Following assessment by the United Kingdom Statistics Authority the statistics in NHS Contraceptive Services: England publications were recommended to continue designation as National Statistics subject to a number of requirements being met.
As part of satisfying these requirements, an updated Data Quality Statement has been issued on 2 April 2012. The revisions include a new 'Relevance' section, further detail on the coverage of the data and how the data are returned, and clarification that many of the initial problems as organisations implemented the SRHAD data collection were resolved before final data were submitted, therefore limiting any affect on the data.
This annual report presents information on NHS community contraceptive clinics which include family planning clinics and clinics run by voluntary organisations such as Brook Advisory Centres. This data has been collected since 1988-89 through the KT31 return.
Information on NHS community contraceptive clinics excludes services provided in out-patient clinics and those provided by General Practitioners. However, limited data is presented for out-patient clinics sourced from The NHS Information Centre's (NHS IC) Hospital Episode Statistics (HES), prescription data and survey data from the 'Contraception and Sexual Health 2008/09' report, published by the Office for National Statistics (ONS) on behalf of the NHS Information Centre.
A new quarterly attendance level collection known as Sexual and Reproductive Health Activity Dataset (SRHAD) started in 2010-11 and it is currently running alongside the KT31 return.

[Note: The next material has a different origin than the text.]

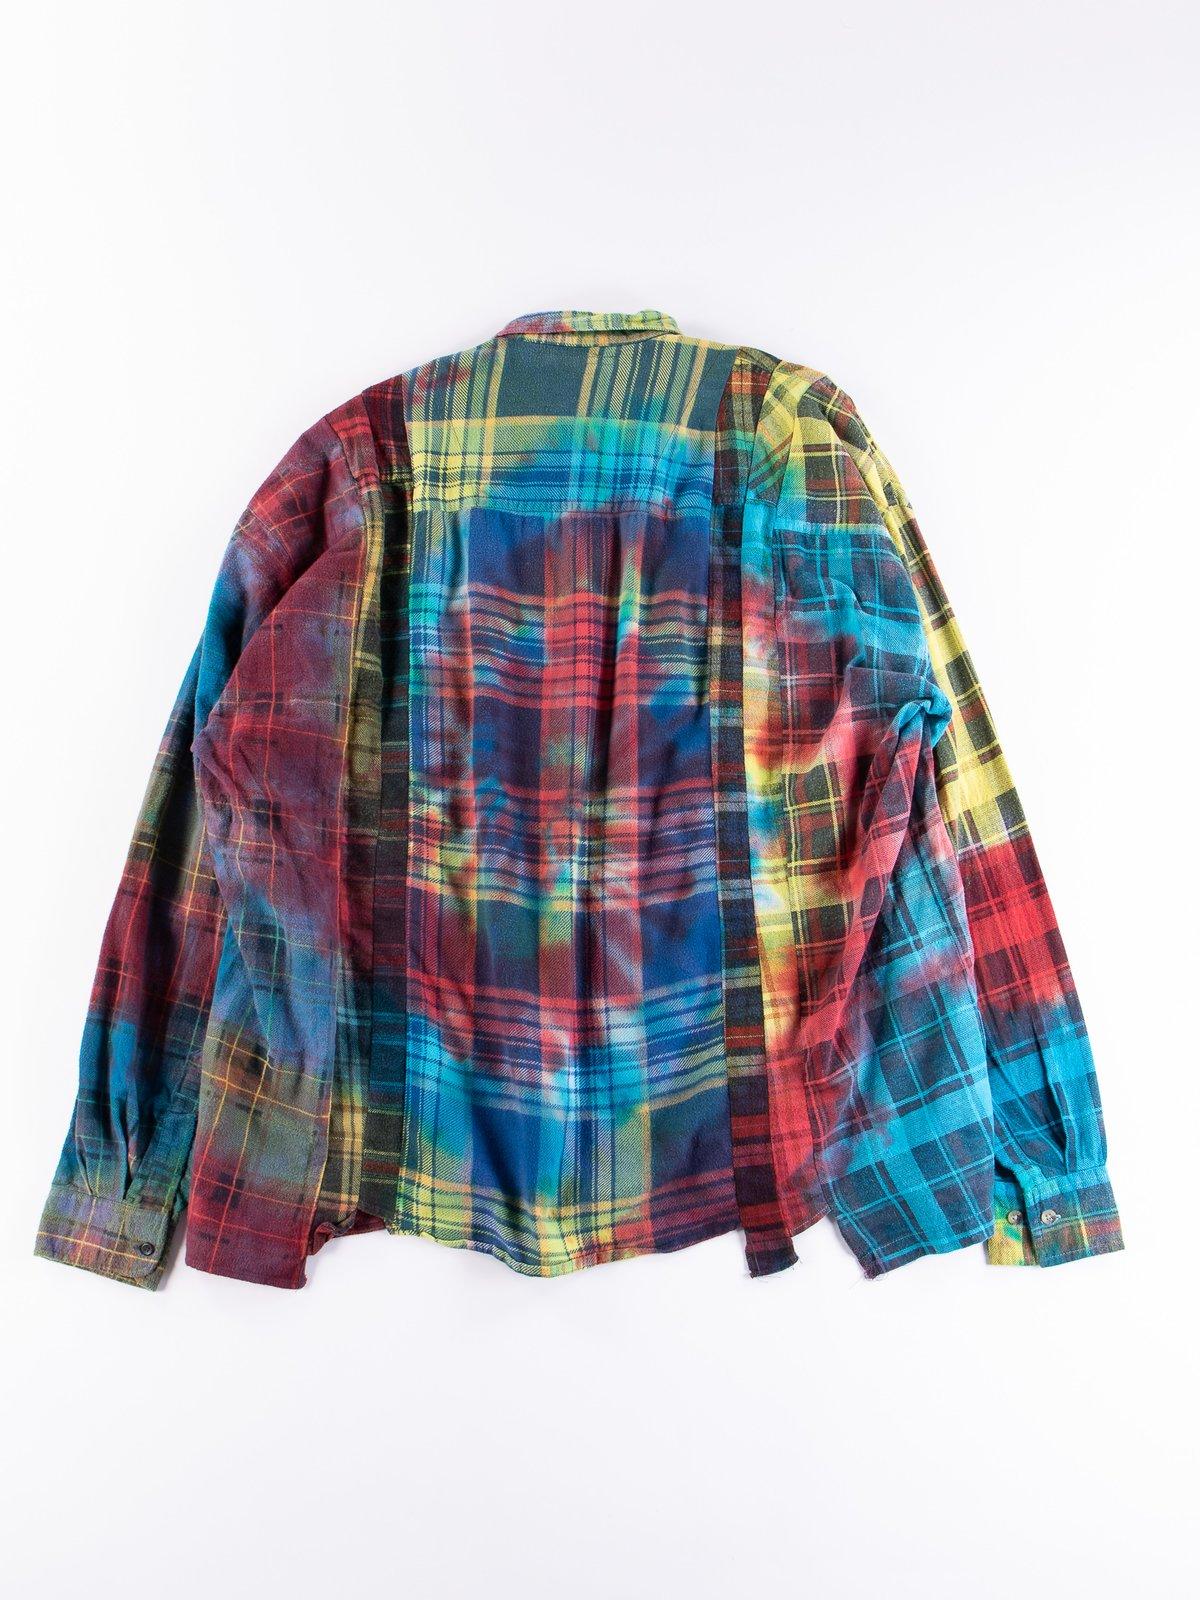 Tie Dye Assorted 7 Cuts Rebuild Shirt - Image 4

For this year's publication we received data from 166 organisations. 137 of these submitted full year data via KT31, 15 submitted full data via SRHAD, and 14 organisations migrated to SRHAD part way through the year and therefore submitted part year KT31 and part year SRHAD data.

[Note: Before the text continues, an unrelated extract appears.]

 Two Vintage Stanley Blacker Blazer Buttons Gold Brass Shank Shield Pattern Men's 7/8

Even though the data are collected on a completely different basis (see data quality statement), the mapping and subsequent analysis of the SRHAD data are considered to make them comparable to the KT31 data. There are some data that are not available via SRHAD and these do have an effect on the figures presented (including the totals) but these are considered to have a minimal effect on the figures.
- There were 2.6 million attendances at NHS community contraceptive clinics made by 1.3 million individuals. This represented an increase of 0.2 per cent (6,000) on the number of attendances in 2009/10 but a decrease of 5 per cent (68,000) on the number of individuals in 2009-10 (1.3 million).
- 1.1 million women attended NHS community contraceptive clinics, a decrease of 6 per cent (68,000) on the previous year (1.2 million).
- 162,000 men attended NHS community contraceptive clinics, a very similar figure to that in 2009-10.
- Among women who attended NHS community contraceptive clinics, the 16-19 year old age group had the highest number of attendances per population. An estimated 21 per cent of women in this age group visited a clinic during the year while the equivalent proportion for those aged 15 and under was 8 per cent. Approximately 14 per cent (41,000) of females aged 15 and approximately 4 per cent (27,000) of females aged under 15 (based on the female population aged 13 and 14) attended nationwide in 2010-11.
- Oral contraception was the primary contraceptive method of 42 per cent of women who attended NHS community contraceptive clinics, and it remains the most common primary method.